CHAIRMAN: DR. KHALID BIN THANI AL THANI
EDITOR-IN-CHIEF: PROF. KHALID MUBARAK AL-SHAFI

Business / Qatar Business

Real estate boosts private sector loans

Published: 23 Jun 2015 - 02:03 am | Last Updated: 12 Jan 2022 - 03:53 pm

Deposit grew by 1.7pc as public sector loans decline

DOHA: Qatar banks’ loan book was broadly flat  in May 2015 after declining  by 0.5 percent in previous month.  On the other hand, deposits grew by 1.7 percent month-on-month  in  May. The public sector, once again pulled down total credit growth with a decline of 1.7 percent month-on-month Vs a drop of 4.7 percent in April. The credit growth in the public sector  declined by 7.6 percent  year-to-date (YTD).
The QNB Financial Services’ (QNBFS) monthly banking sector update yesterday noted that  Qatar’s public sector deposits rebounded by 3.5 percent MoM Vs a drop of 4.8 percent MoM in April.
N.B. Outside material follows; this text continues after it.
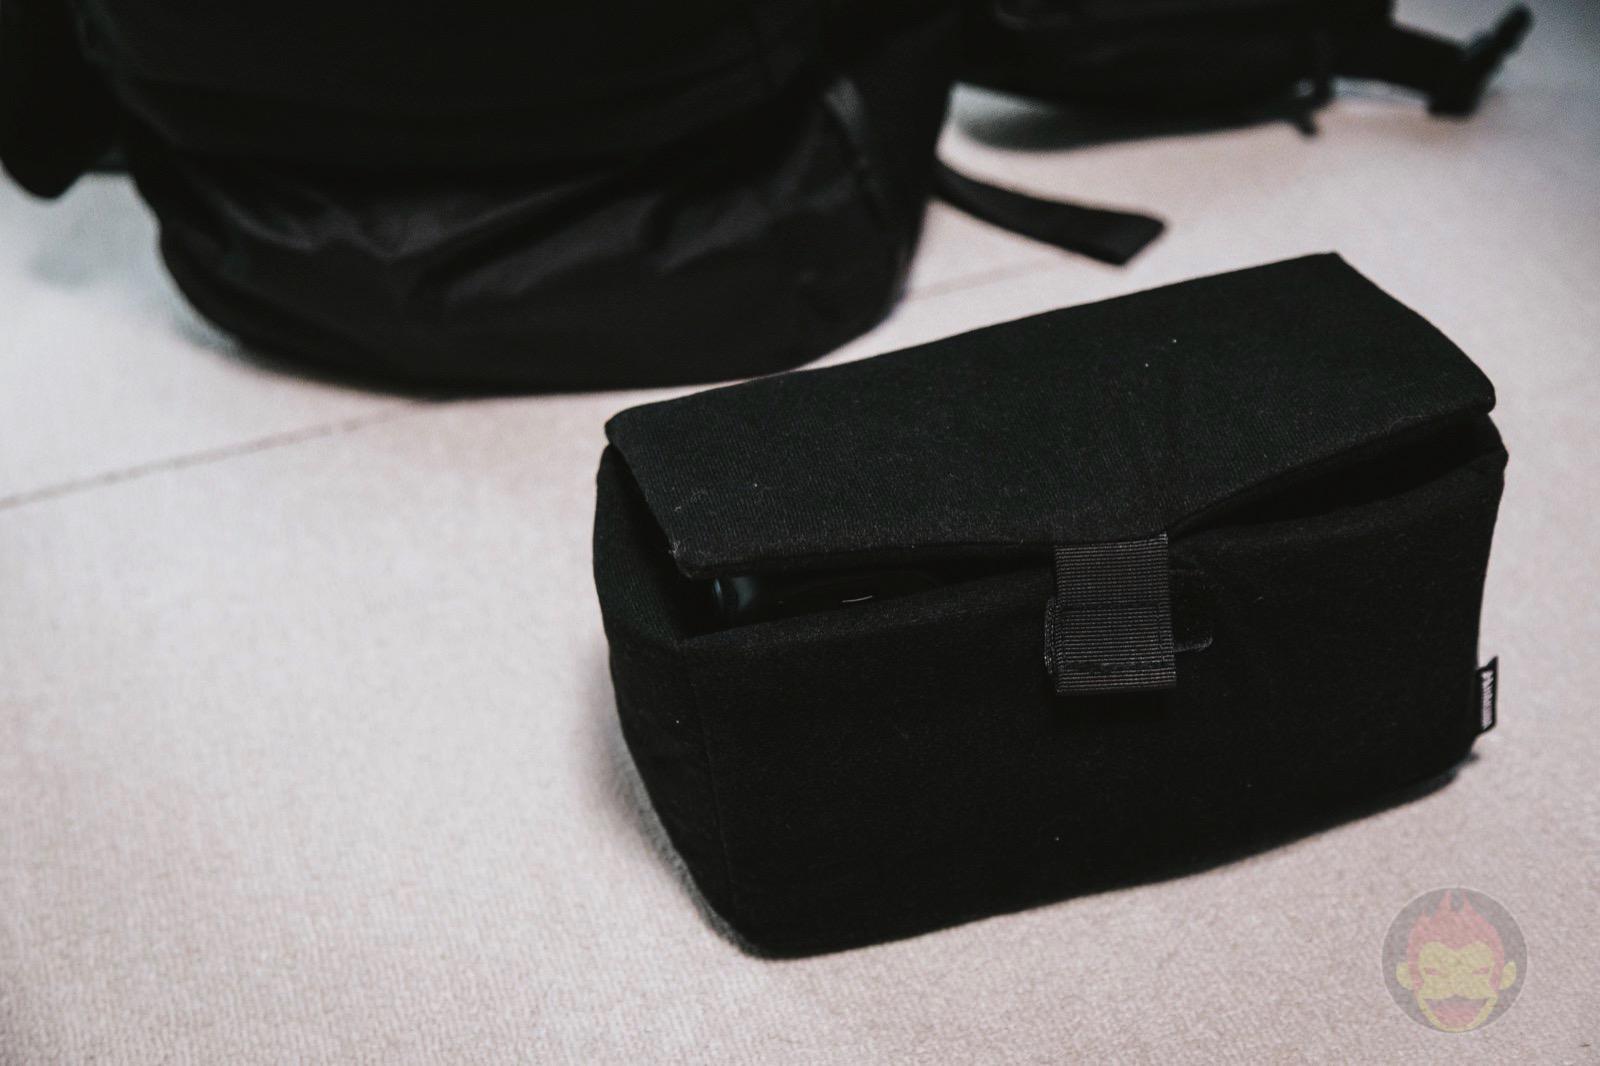 Hakuba-Camerabag-Innerbox-Review-11.jpg

Delving into segment details, the government institutions’ segment  climbed up by 6.8 percent  after contracting by 8.3 percent  in April, dropping by 6.6 percent and expanding by 12.8 percent in March and February 2015, respectively. 
Moreover, the semi-government segment followed suit and expanded by 7.1 percent , from 1.9 YTD growth.
The government segment posted weak performance, sliding by 6.0 percent  and down 10.2 percent YTD. On the Private sector front, the companies & institutions’ segment climbed up by 2.7 percent MoM. The  consumer segment displayed flat performance. Non-resident deposits dipped by 2.0 percent , but up42.6 percent YTD. 
The overall loan book showcased flat performance in May. Total domestic public sector loans continued its negative trajectory, declining by 1.7 percent  vs. a drop of 4.7 percent MoM in April 2015. The government segment’s loan book contracted by 2.4 percent  and down 21.0 percent YTD.
The government institutions’ segment , that represents 64 percent of public sector loans, slipped by 1.9 percent falling 1.6 percent YTD, after exhibiting positive performance in April. 
On the other hand, semi-government institutions’ segment exhibited flattish performance in May, down 6.4 percent YTD. Hence, the government sub-segment pulled the overall loan book down for the month of May 2015. 
Private sector loans grew by 2.2 percent MoM vs. 1.9 percent MoM in April 2015. The Real Estate followed by the Contractors segments positively contributed toward the loan growth. 
Loans to the Real Estate segment, which contributes  an estimated 26 percent to private sector loans,  grew by 2.2 percent  and 2.4 percent YTD, while loans to Contractors  expanded by 5.3 percent  and 13.0 percent YTD. Meanwhile, Consumption & Others segment  that contributes 31 percent to private sector loans displayed flattish performance. On the other hand, Services  sector dipped by 1.3 percent,  but is up by 4.0 percent YTD.